The pinnacle of woe can be pinpointed exactly: you will be a divorced, middle-aged machine operative living in Thurrock where, despite being within spitting distance of an IKEA, your existence is so pitiful that you can only rate 7.1 out of 10 on the happiness scale. Frankly, that figure seems quite high. If the very worst life imaginable in Britain still scores 7.1 out of 10, people are simply not trying hard enough to be miserable – this bodes ill for Team GB in the Olympics.
The figures also revealed that people who are retired but live on a reasonable pension are also happy – to discover this fact, countless thousands of pounds of our cash was spent, which immediately made me less happy than I was before I realised I’d had to pay to find this out. As part of the government’s attempts to develop an alternative measure of national performance to GDP (and heaven knows, it’s any port in a storm when that’s the criteria) the Office for National Statistics has published its first tranche of data exploring how happiness and anxiety levels vary across the nation.
Responses by 165,000 people reveal that the average rating of “life satisfaction” in Britain is 7.4 out of 10, with show-offs in the local authority of Eilean Siar, Orkney and Shetland recording the highest satisfaction rates of 8.1 out of 10. And that lot haven’t even got a Co-op Local, let alone an IKEA.

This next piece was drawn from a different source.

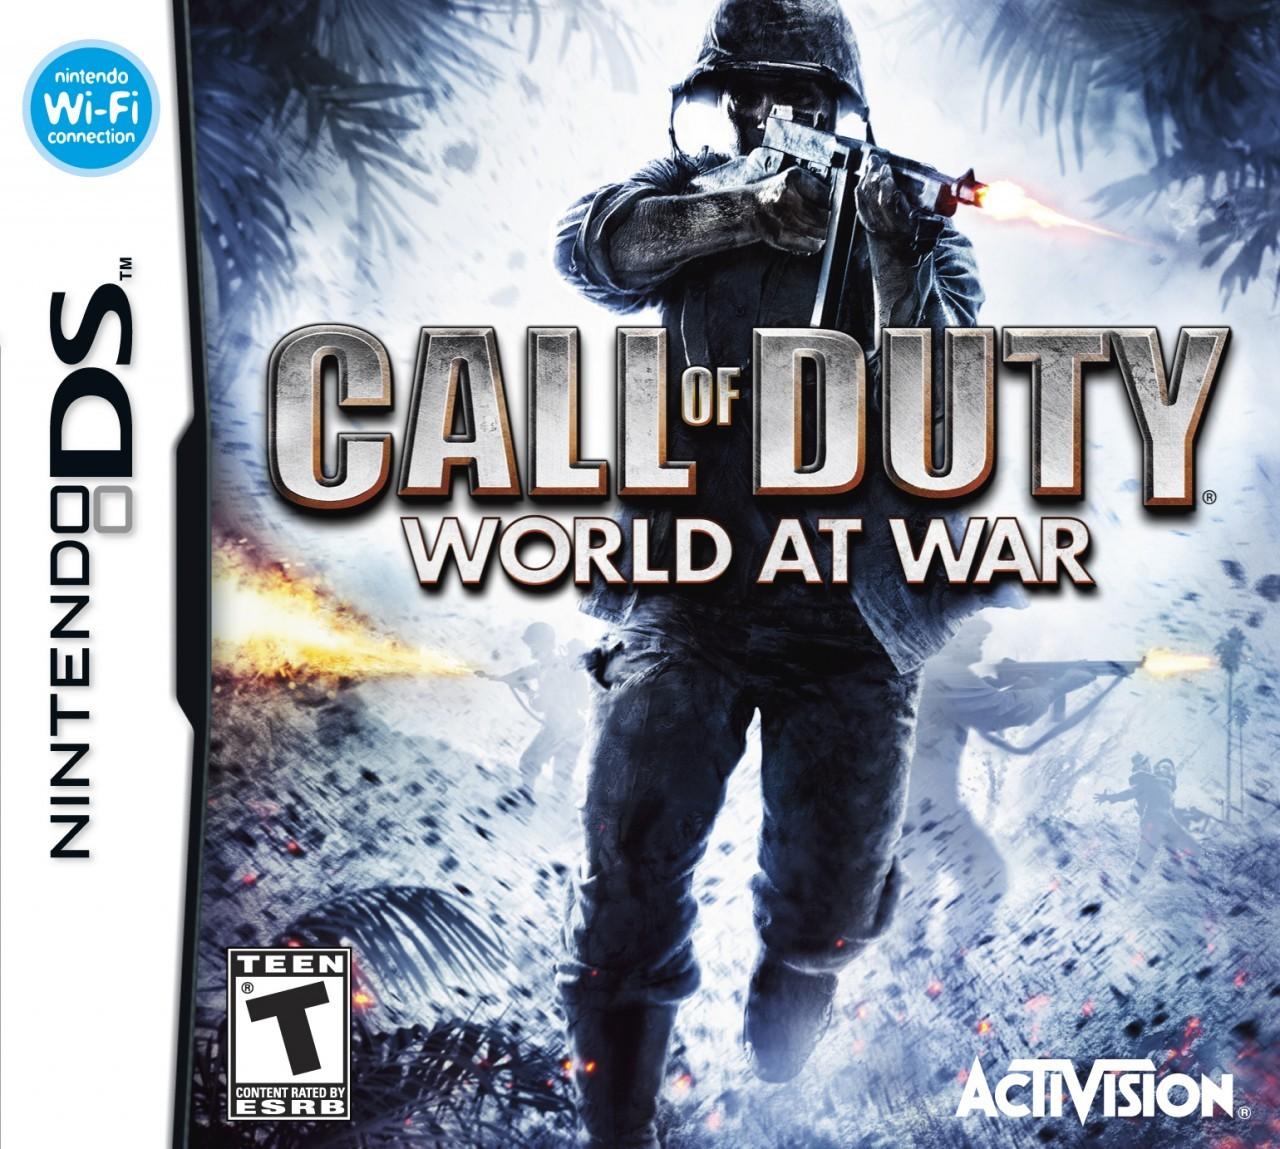 File:DS world at war.jpg

We in Norfolk are, it appears, less happy than our neighbours in Suffolk and that lot are up against heavy odds, what with having to live in a county that is literally packed with people from Suffolk.
We’re also less happy than people living in Yorkshire and those that reside in Scotland, where Fifty Shades of Grey isn’t an erotic novel, it’s a description of the weather or a colour chart for teeth.
I think I would be happier if I lived in Scotland – other than the bit where I had to live in Scotland – on the basis that they enjoy a delightful form of financial apartheid which sees them paying far less tax per head than us for free prescriptions, free personal care in old age, no student tuition fees, free eye tests and free Aston Martins on-demand.
That I would have to subsist on a diet of deep-fried Mars Bars, Edinburgh rock, whisky, haggis and a deep-rooted hatred of the English would be a small price to pay for having a free dental examinations: the last time I went to the dentist it was £48 for a three-minute appoint-ment. And the dentist had bad breath (never an encouraging sign).
I can only assume that Norfolk’s low placing on the national happiness scale is part of a clever, county-wide plot to keep the rest of the population away: the survey equivalent of the A11 until it gets dualled. If we fool everyone that we’re all totally miserable, Outsiders Will Not Come.
Professor Richard Layard, a member of the ONS’s Measuring National Wellbeing Advisory Forum, said the data was a “huge step” towards policy-making.
“If we just say tell everyone that they can be a doctor and a lawyer, pay them lots of money, buy them a nice house and make dresses compulsory, the nation’s happiness would improve overnight,” he didn’t say, but I know that was what he was thinking.
Personally, I’d be far happier if David Cameron moved to a remote Scottish island, married Nick Clegg and promised to never work again. Then again, I’ve always been easy to please.